Orthokeratology (OK) has been shown to be one of the most effective forms of myopia control. As proactive commencement of myopia management often involves younger children, suggesting contact lenses can be surprising to parents, especially if they have no vision correction themselves. Common questions can be "is OK safe for children? Is my child too young for contact lenses?" How do you address these questions to get parents onboard with orthokeratology?
Here, CK has shared such a case whereby the patient's mother understands and concurs with the suggestion of orthokeratology, but the father remains skeptical.
How should we explain orthokeratology to parents?
Firstly, it is good to highlight the benefits of orthokeratology (OK) lens wear.

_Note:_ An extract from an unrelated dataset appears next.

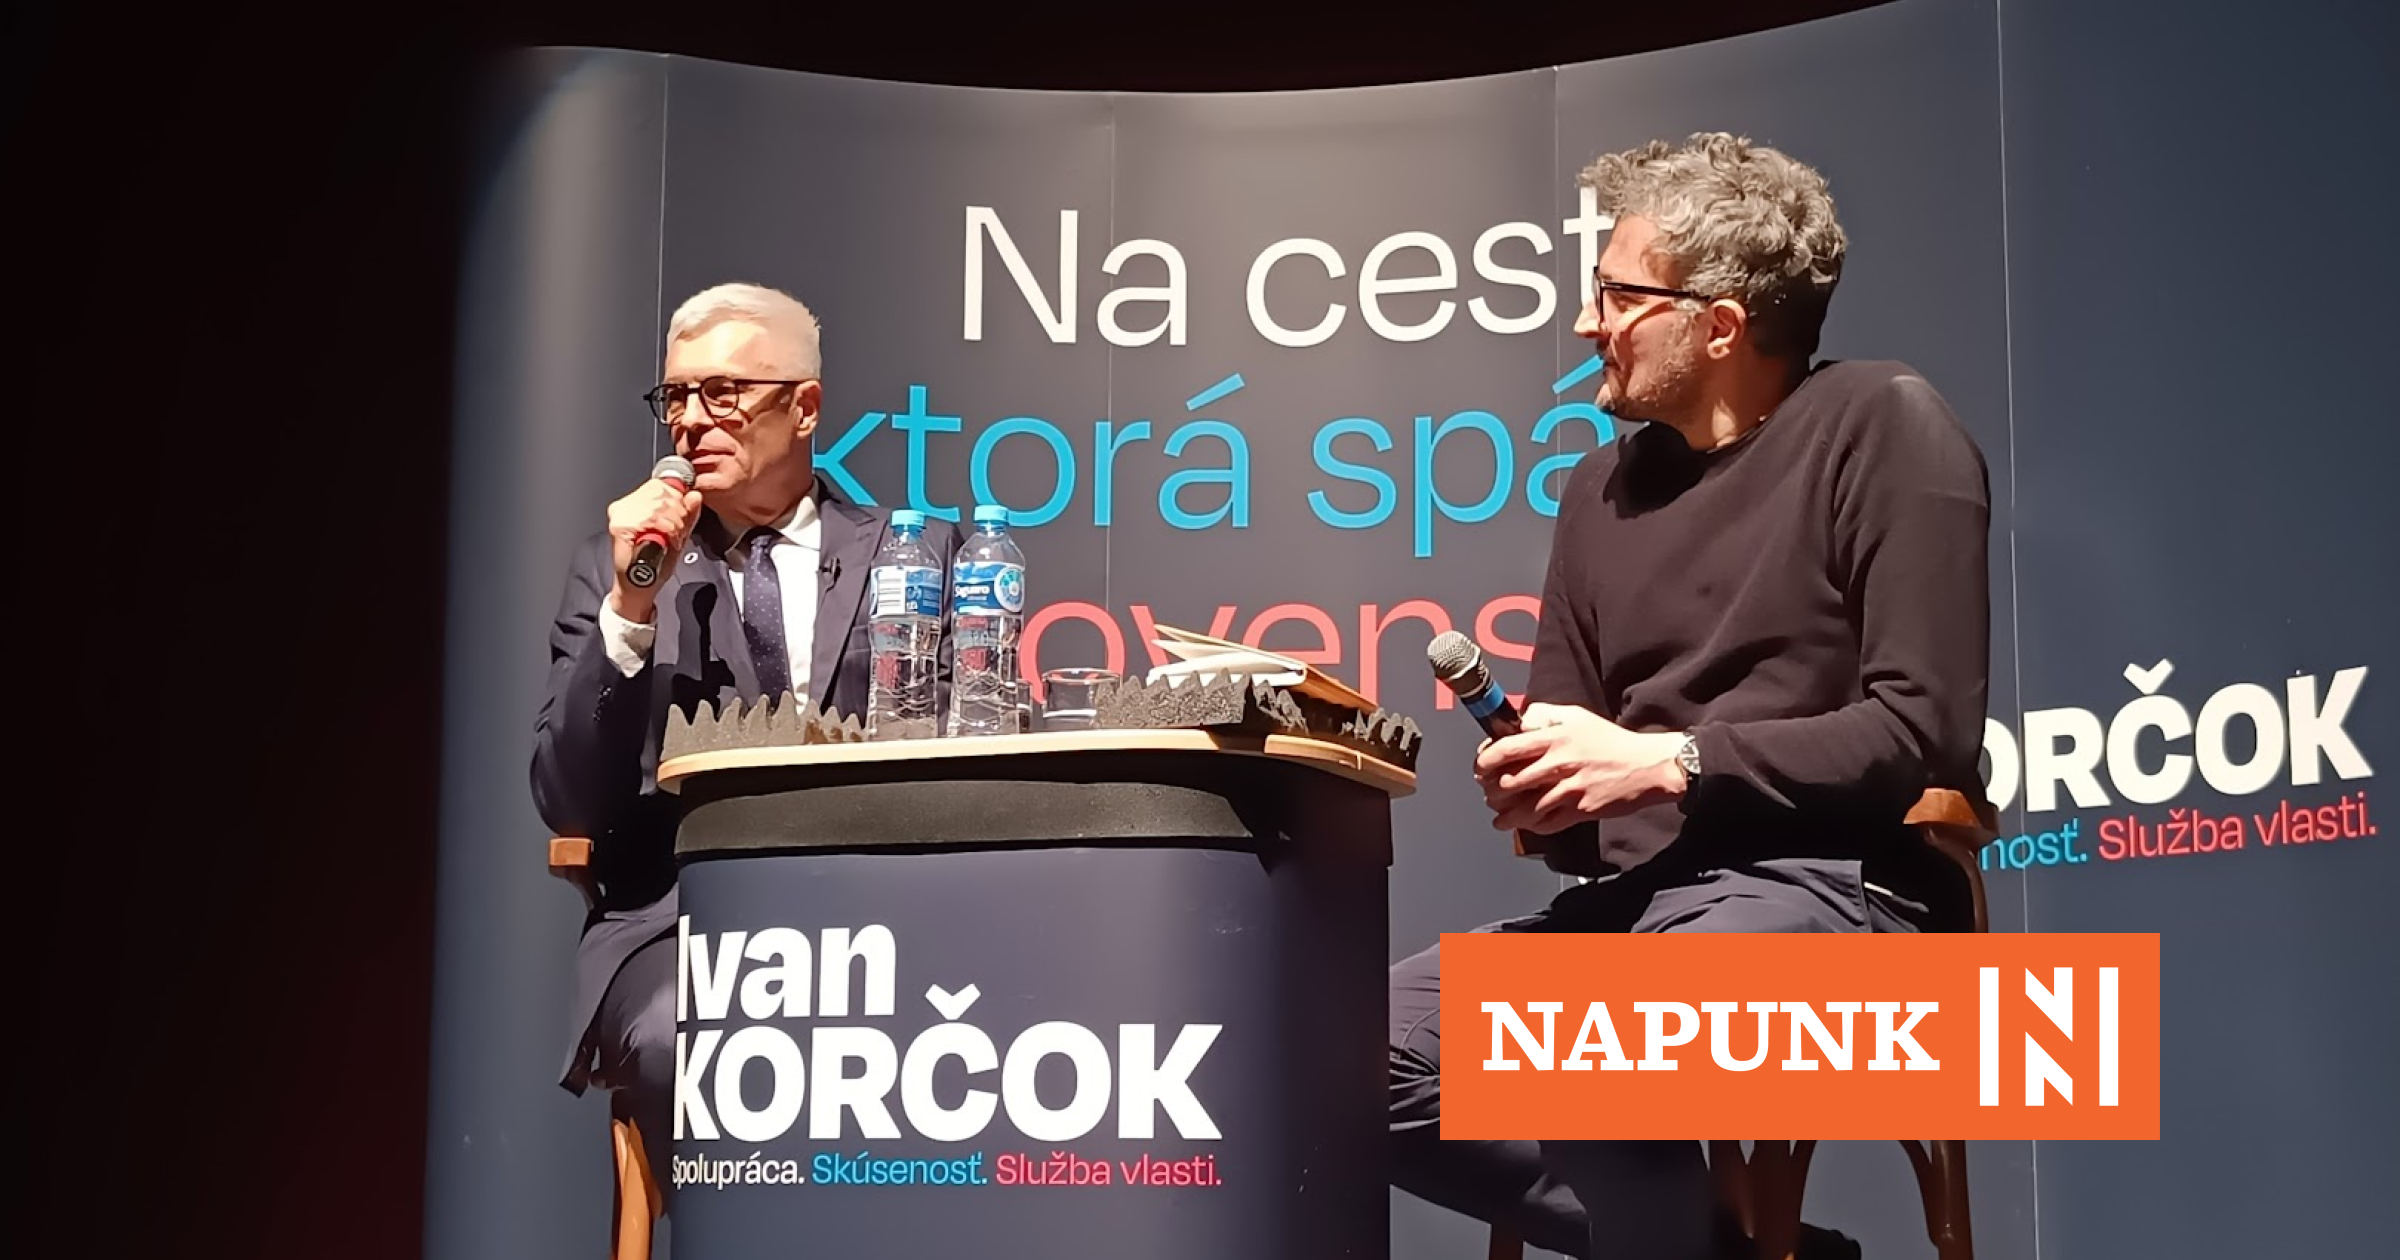 Ivan Korčok Komáromban: Nem fogom azt mondani a magyaroknak, hogy szeressék Trianont. De legyen empátiánk
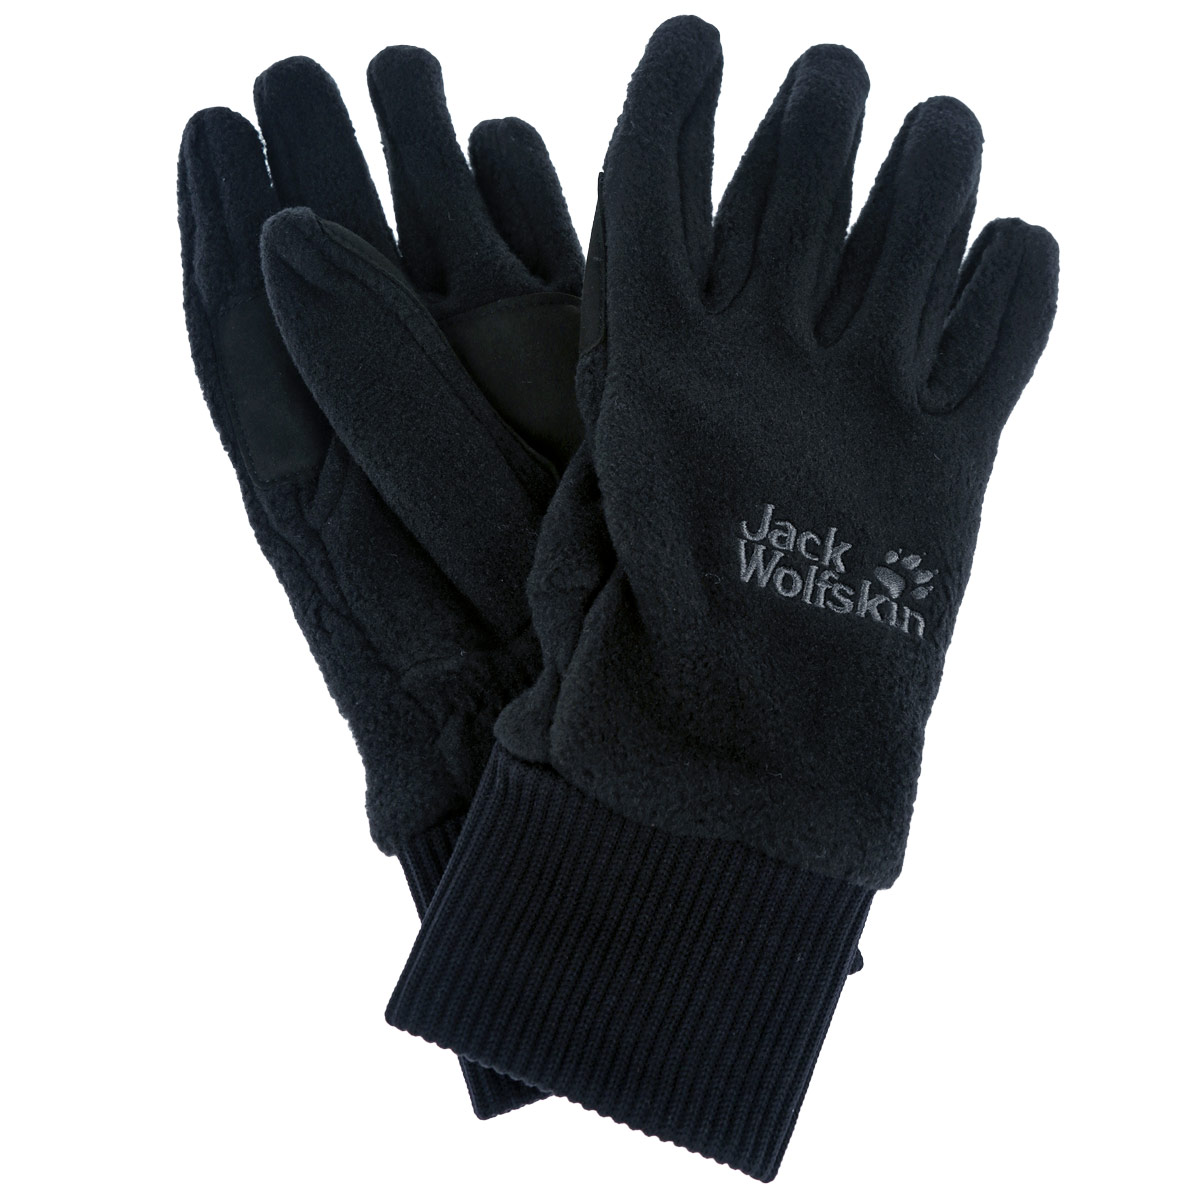 Перчатки унисекс Jack Wolfskin Vertigo Glove, цвет: черный. 1901751-6000. Размер L (8,5/9)

OK lenses are one of the most effective interventions to slow myopia progression and axial elongation.1 Another plus point is that they are good for children who are active in contact and water sports as they will not require optical aids during waking hours to see clearly. Children wearing OK lenses rate their overall vision, distance vision, appearance, academic performance, ability to participate in activities, peer perceptions and overall satisfaction as significantly better than children wearing spectacles, with only handling rated as more difficult, and near vision, daytime symptoms and academic performance rated as similar.2
Secondly, communicate the safety profile of OK lens wear - though there is a risk of infection, that risk becomes very low with good contact lens hygiene protocol.3 It has been shown that that the rate of soft contact lens complications is lower in children compared to teens and adults. When it comes to OK specifically, one case study analysis has shown that children and teens have a slightly higher risk of infection than adults when both are wearing OK, but overall this risk is around 1 per 1,000 patient wearing years, which is similar to the risk of wearing a reusable silicone hydrogel contact lens. Read more about this in Contact Lens Safety in Kids.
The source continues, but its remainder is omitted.